◆ What you will do ◆
What is wanted is every line below from the one with "Капитан и первый помощник. 1891." up to and including the one with "Vanguard Double Hook", retyped exactly, pictures excluded, nothing else.

◆ Entries supplied ◆

= = =

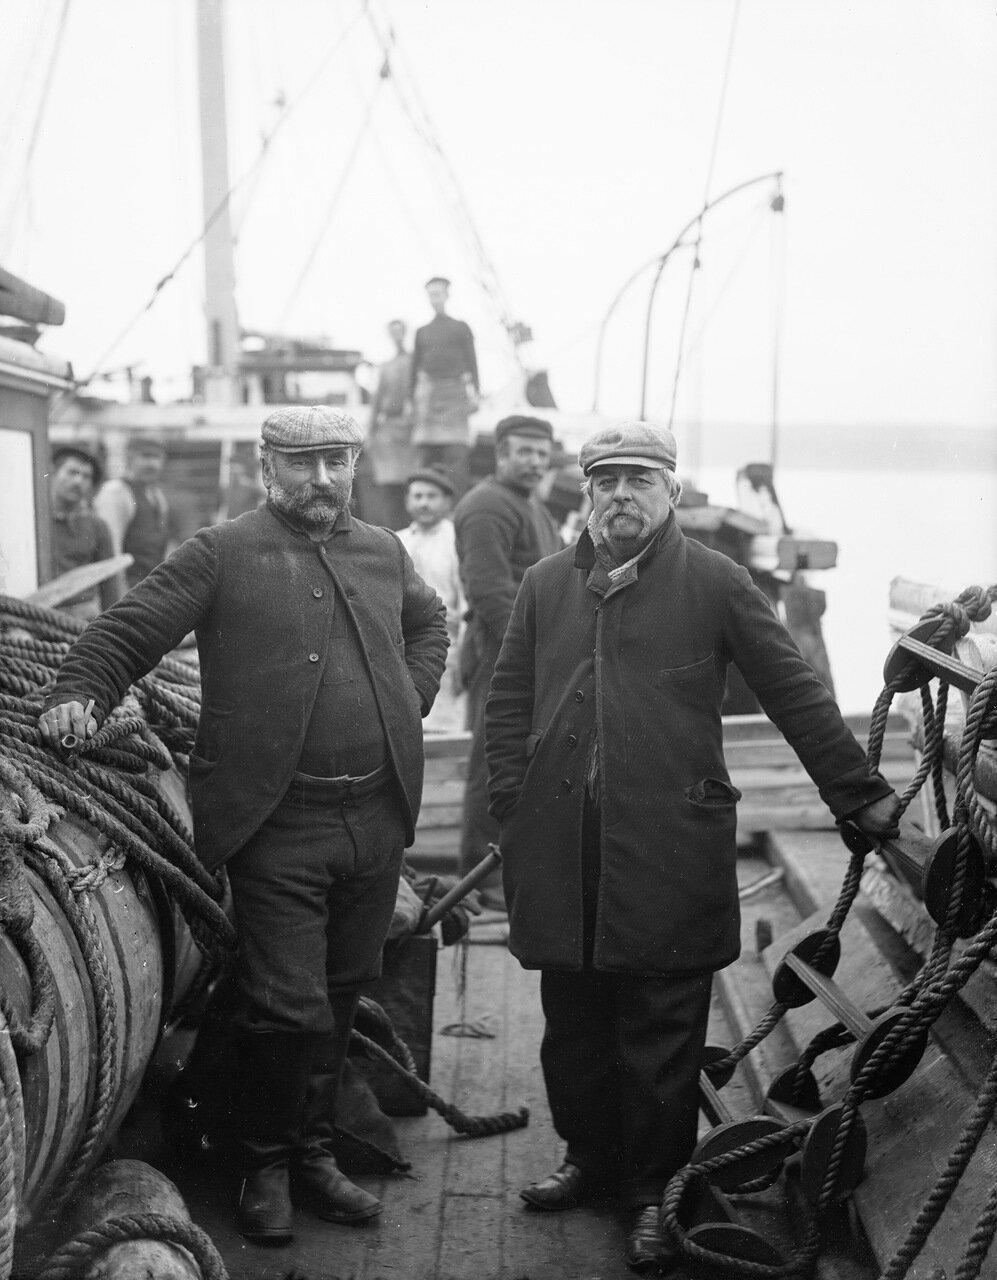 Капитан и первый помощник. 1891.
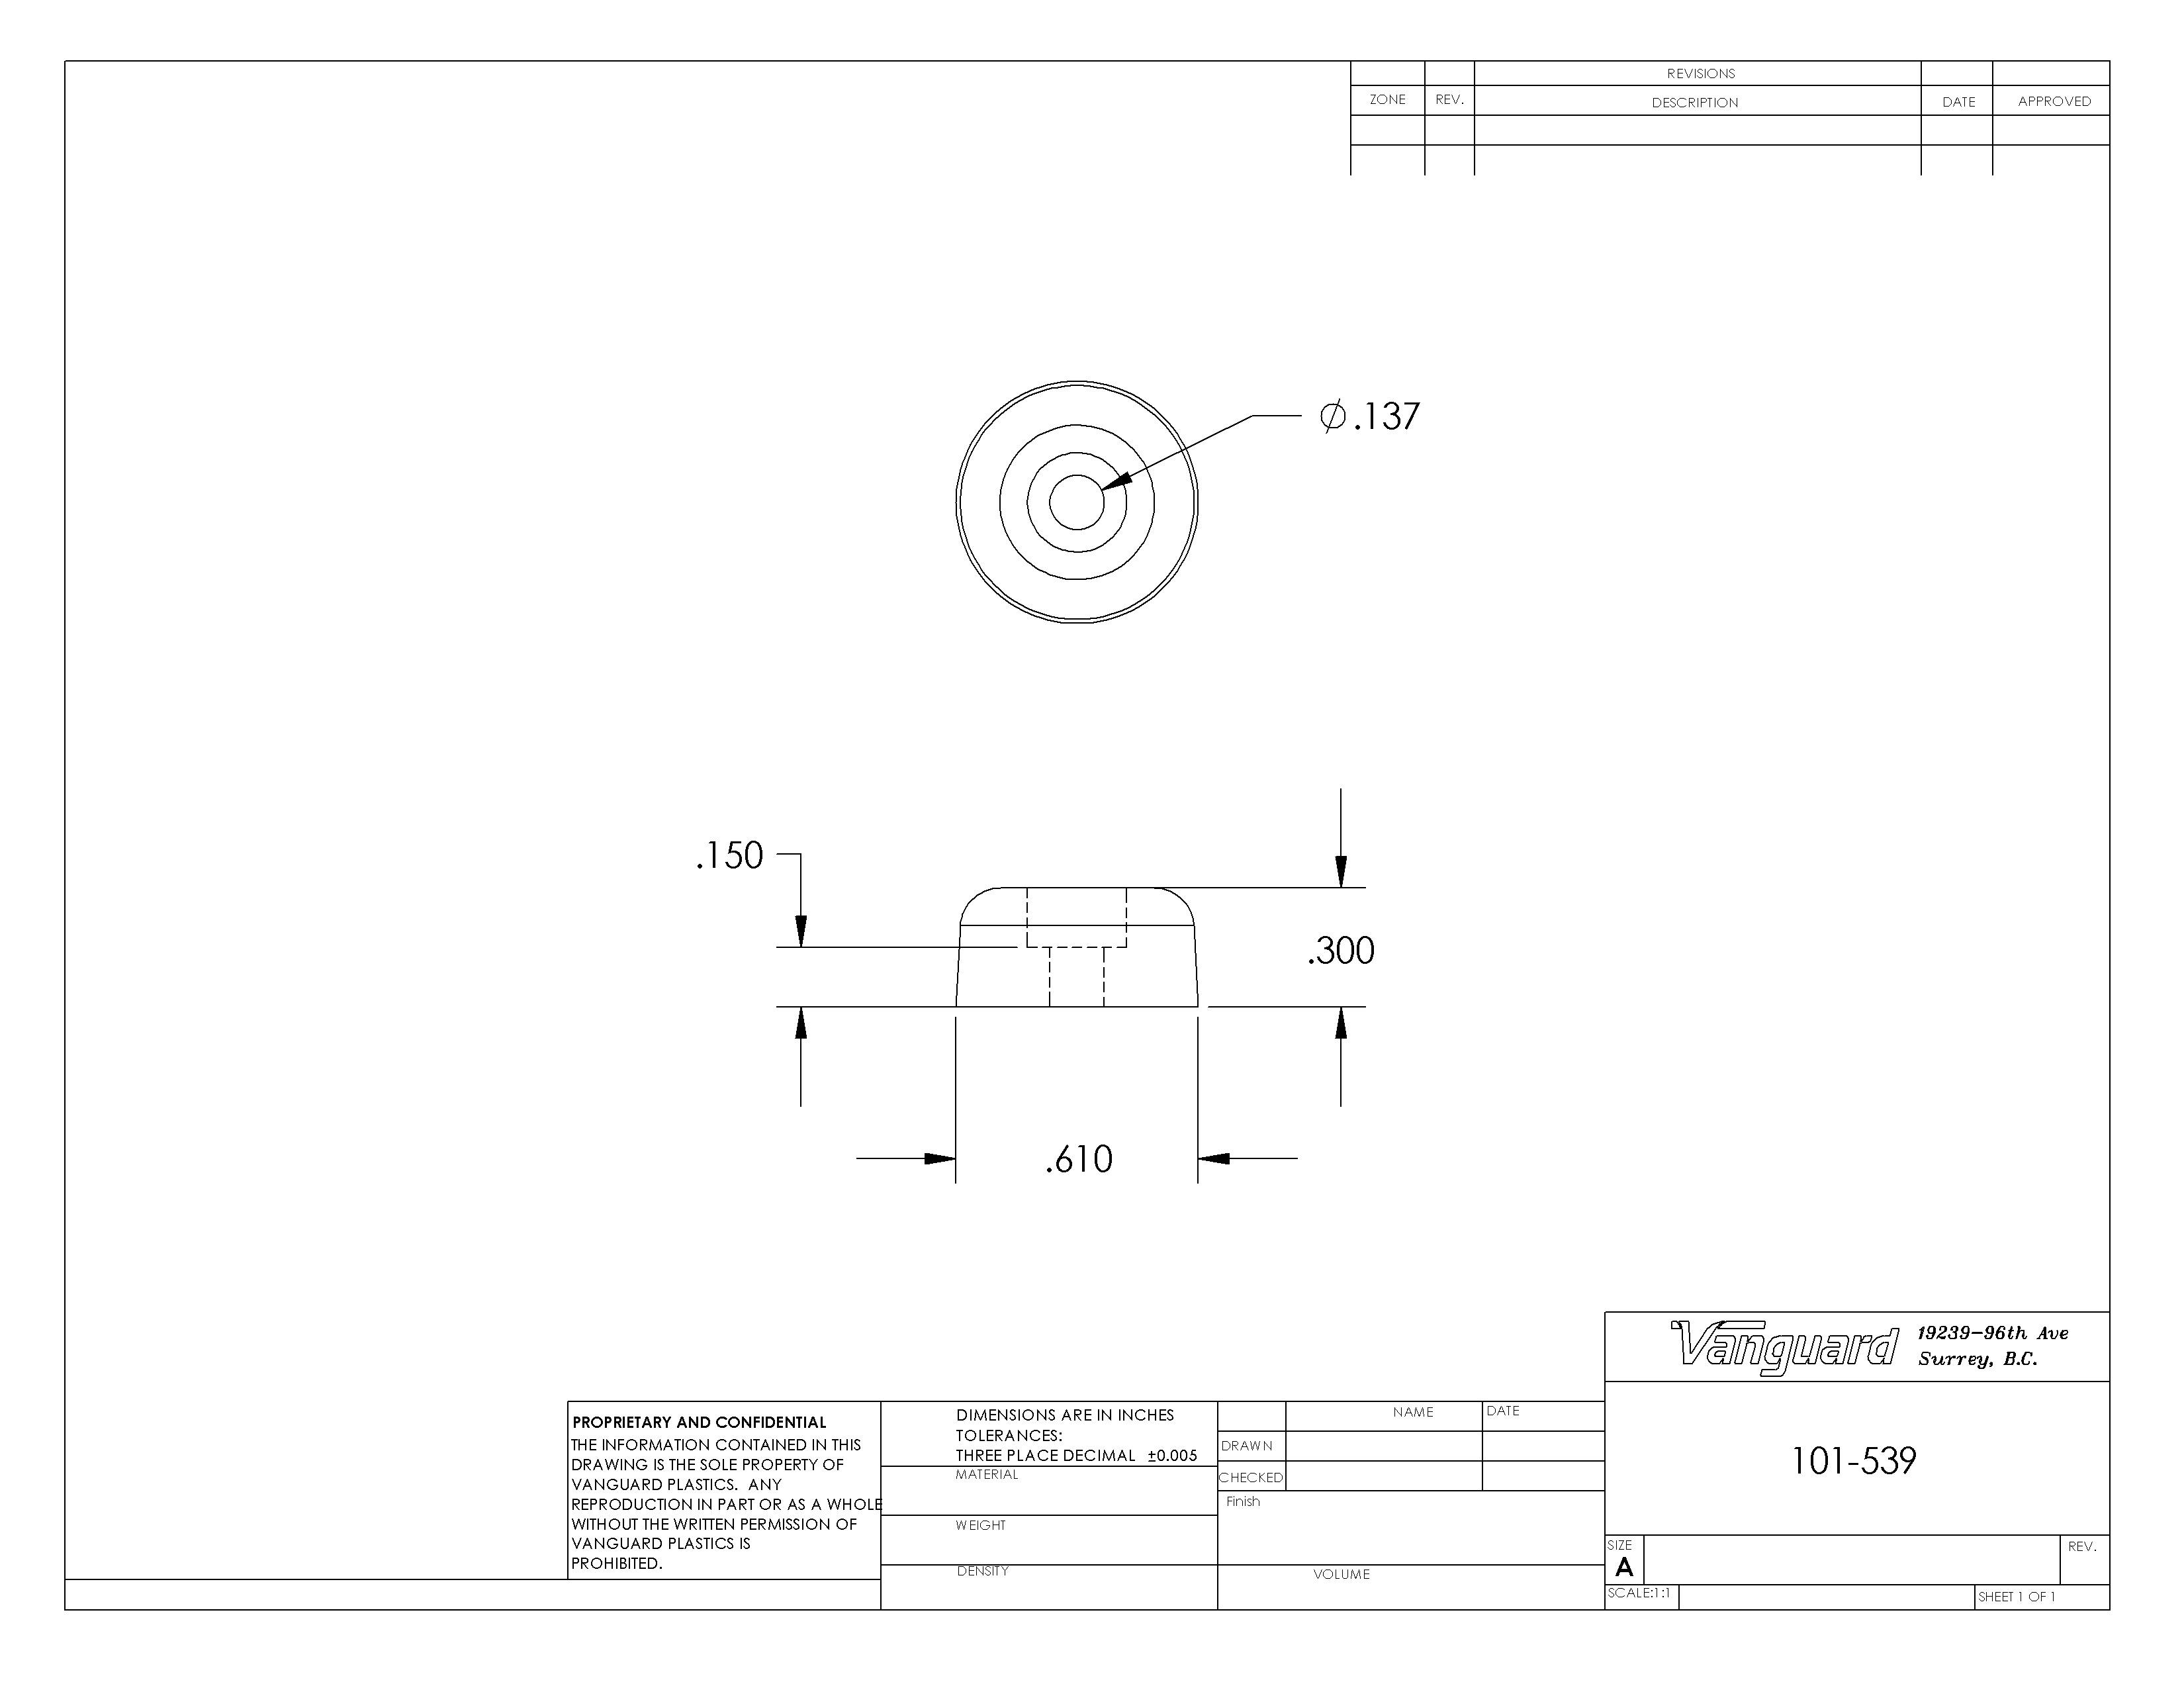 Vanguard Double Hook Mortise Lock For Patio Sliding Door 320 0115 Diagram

= = =

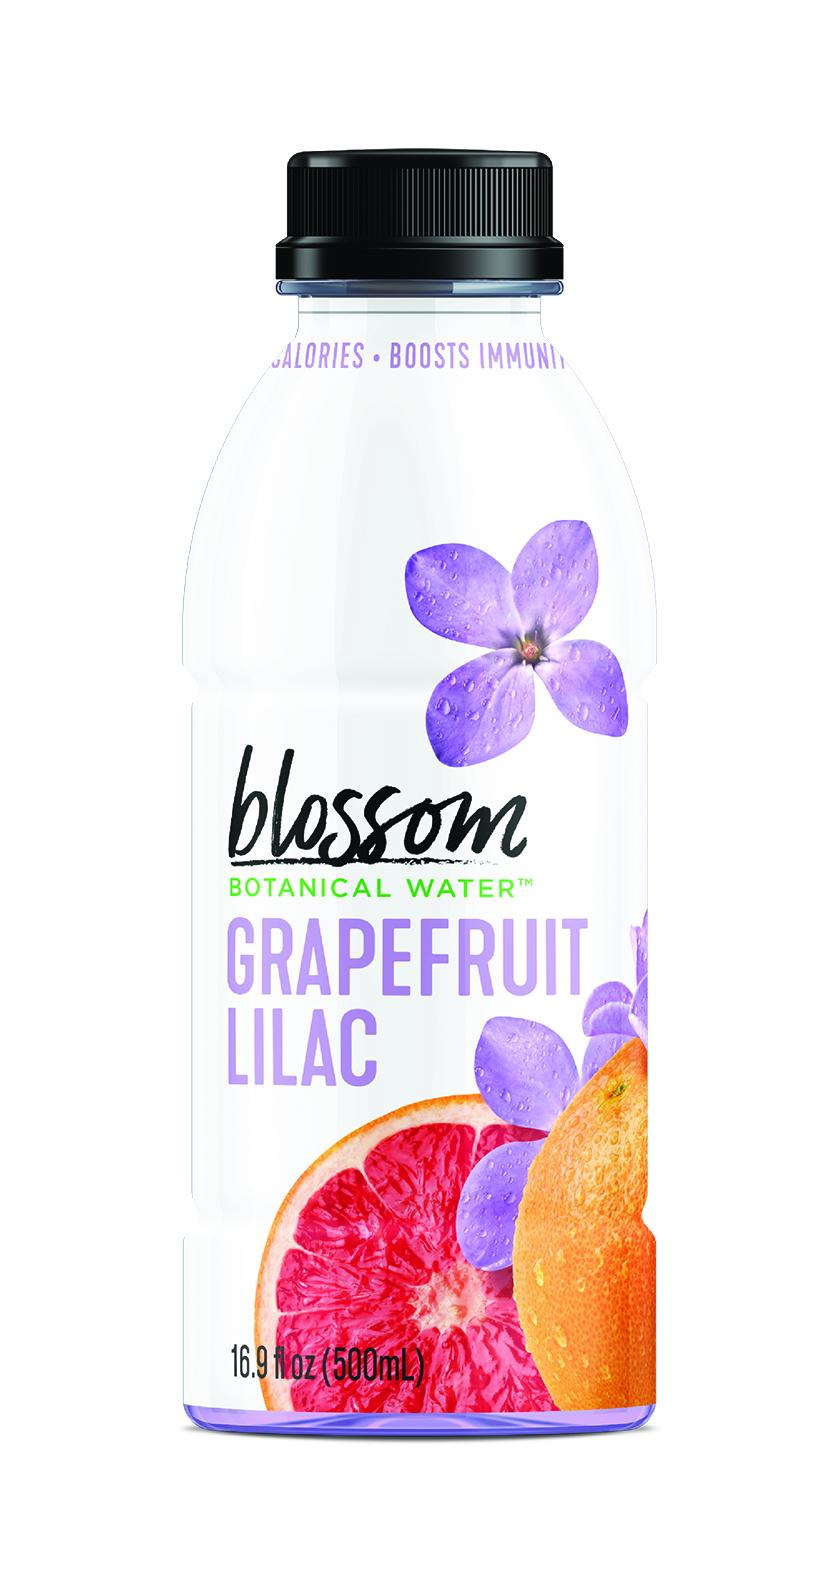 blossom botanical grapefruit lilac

= = =

◆ Your response ◆
 Капитан и первый помощник. 1891.
 Vanguard Double Hook Mortise Lock For Patio Sliding Door 320 0115 Diagram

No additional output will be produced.